My article entitled "Mr. Muhammad Speaks" appeared in early 1960, and it was the first featured
magazine notice of the phenomenon. A letter quickly came from Mr. Muhammad appreciating that
the article kept my promise to be objective, and Malcolm X telephoned similar compliments.
About this time, Dr. C. Eric Lincoln's book The Black Muslims in America was published and
the Black Muslims became a subject of growing interest. During 1961 and 1962, the Saturday
Evening Post
teamed me with a white writer, Al Balk, to do an article; next I did a personal
interview of Malcolm X for Playboy magazine, which had promised to print verbatim whatever
response he made to my questions. During that interview of several days' duration, Malcolm X
repeatedly exclaimed, after particularly blistering anti-Christian or anti-white statements: "You
know that devil's not going to print that!" He was very much taken aback when Playboy kept its
word.
Malcolm X began to warm up to me somewhat. He was most aware of the national periodicals'
power, and he had come to regard me, if still suspiciously, as one avenue of access. Occasionally
now he began to telephone me advising me of some radio, television, or personal speaking
appearance he was about to make, or he would invite me to attend some Black Muslim bazaar or
other public affair.
I was in this stage of relationship with the Malcolm X who often described himself on the air as
"the angriest black man in America" when in early 1963 my agent brought me together with a
publisher whom the Playboy interview had given the idea of the autobiography of Malcolm X. I
was asked if I felt I could get the now nationally known firebrand to consent to telling the intimate
details of his entire life. I said I didn't know, but I would ask him.The editor asked me if I could
sketch the likely highlights of such a book, and as I commenced talking, I realized how little I
knew about the man personally, despite all my interviews. I said that the question had made me
aware of how careful Malcolm X had always been to play himself down and to play up his leader
Elijah Muhammad.
All that I knew, really, I said, was that I had heard Malcolm X refer in passing to his life of crime
and prison before he became a Black Muslim; that several times he had told me: "You wouldn't
believe my past," and that I had heard others say that at one time he had peddled dope and
women and committed armed robberies.
I knew that Malcolm X had an almost fanatical obsession about time. "I have less patience with
someone who doesn't wear a watch than with anyone else, for this type is not time-conscious," he
had once told me. "In all our deeds, the proper value and respect for time determines success or
failure." I knew how the Black Muslim membership was said to increase wherever Malcolm X
lectured, and I knew his pride that Negro prisoners in most prisons were discovering the Muslim
religion as he had when he was a convict. I knew he professed to eat only what a Black Muslim
(preferably his wife Betty) had cooked and he drank innumerable cups of coffee which he
lightened with cream, commenting wryly, "Coffee is the only thing I like integrated." Over our
luncheon table, I told the editor and my agent how Malcolm X could unsettle non-Muslims-as, for
instance, once when he offered to drive me to a subway, I began to light a cigarette and he drily
[sic] observed, "That would make you the first person ever to smoke in this automobile."
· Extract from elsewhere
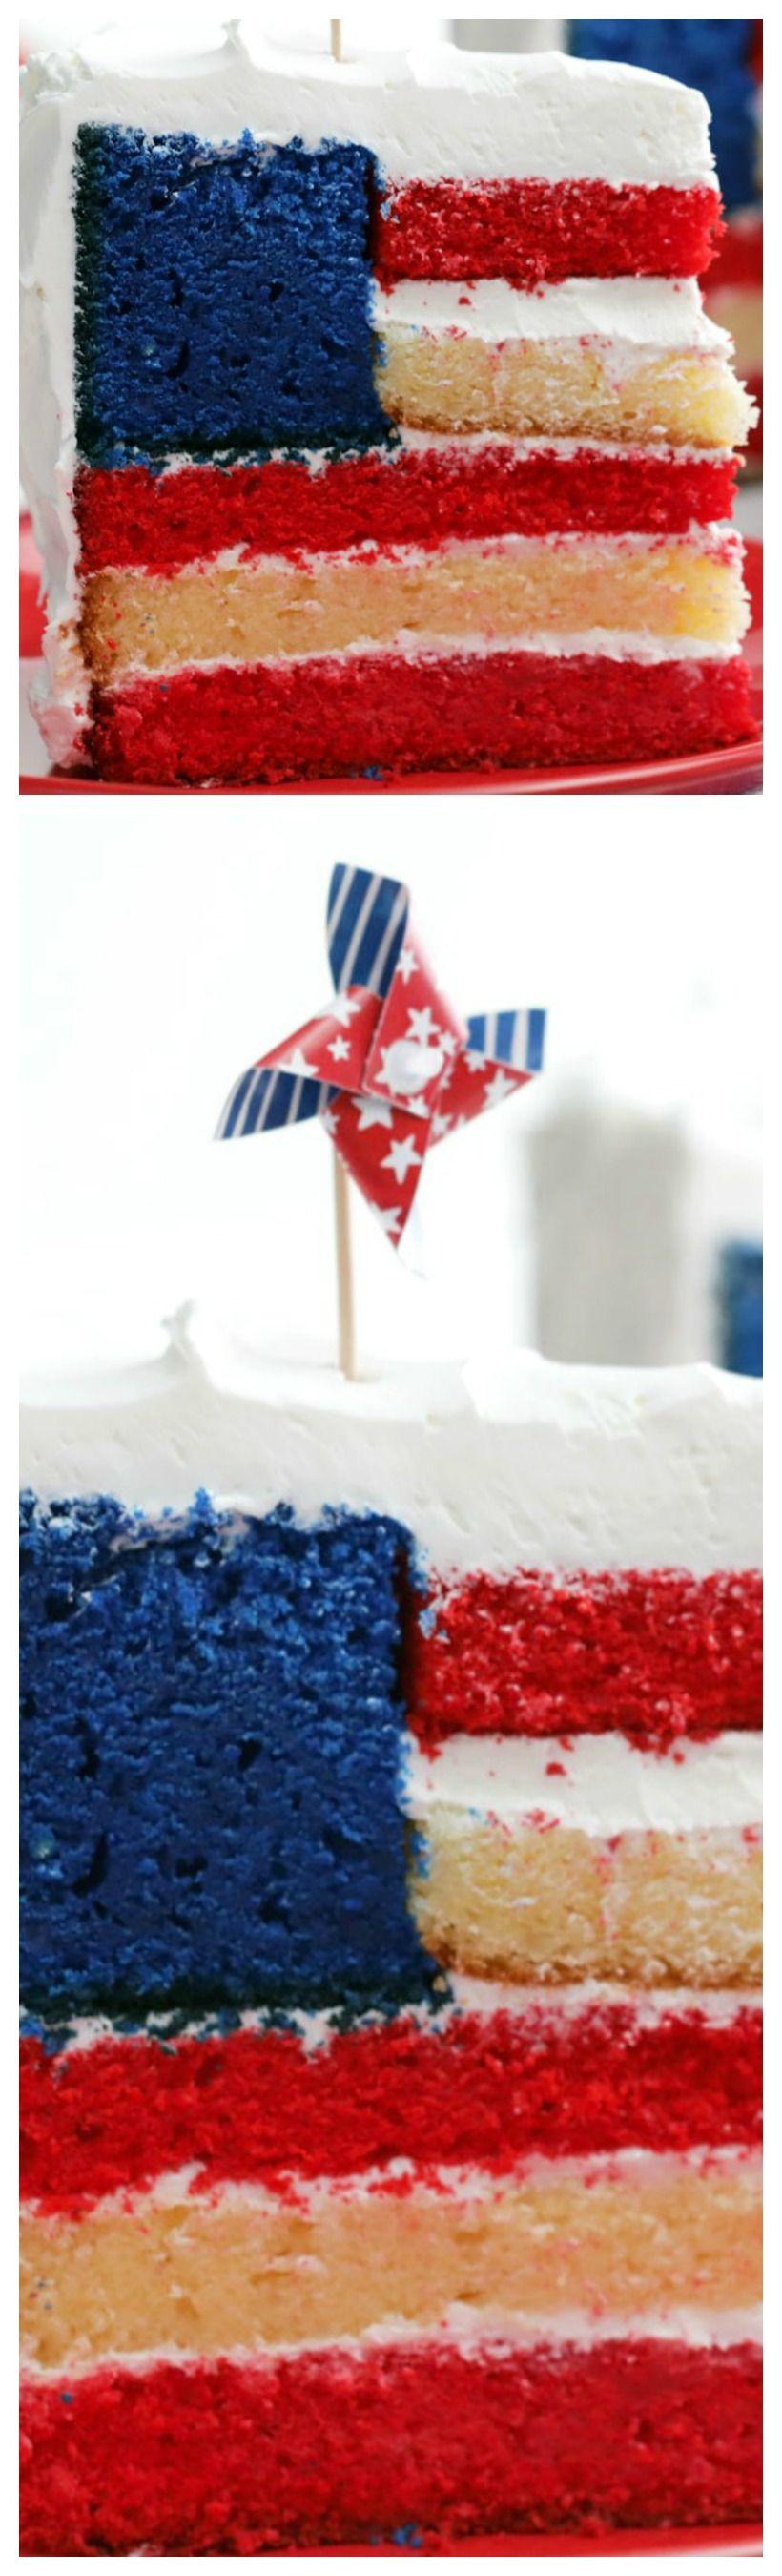 Flag Cake Recipe In 2020 Flag Cake Cake Flag Cake Recipe

Malcolm X gave me a startled look when I asked him if he would tell his life story for publication. It
was one of the few times I have ever seen him uncertain. "I will have to give a book a lot of
thought," he finally said. Two days later, he telephoned me to meet him again at the Black Muslim
restaurant. He said, "I'll agree. I think my life story may help people to appreciate better how Mr.
Muhammad salvages black people. But I don't want my motives for this misinterpreted by
anybody-the Nation of Islam must get every penny that might come to me." Of course, Mr.
Muhammad's agreement would be necessary, and I would have to ask Mr. Muhammad myself.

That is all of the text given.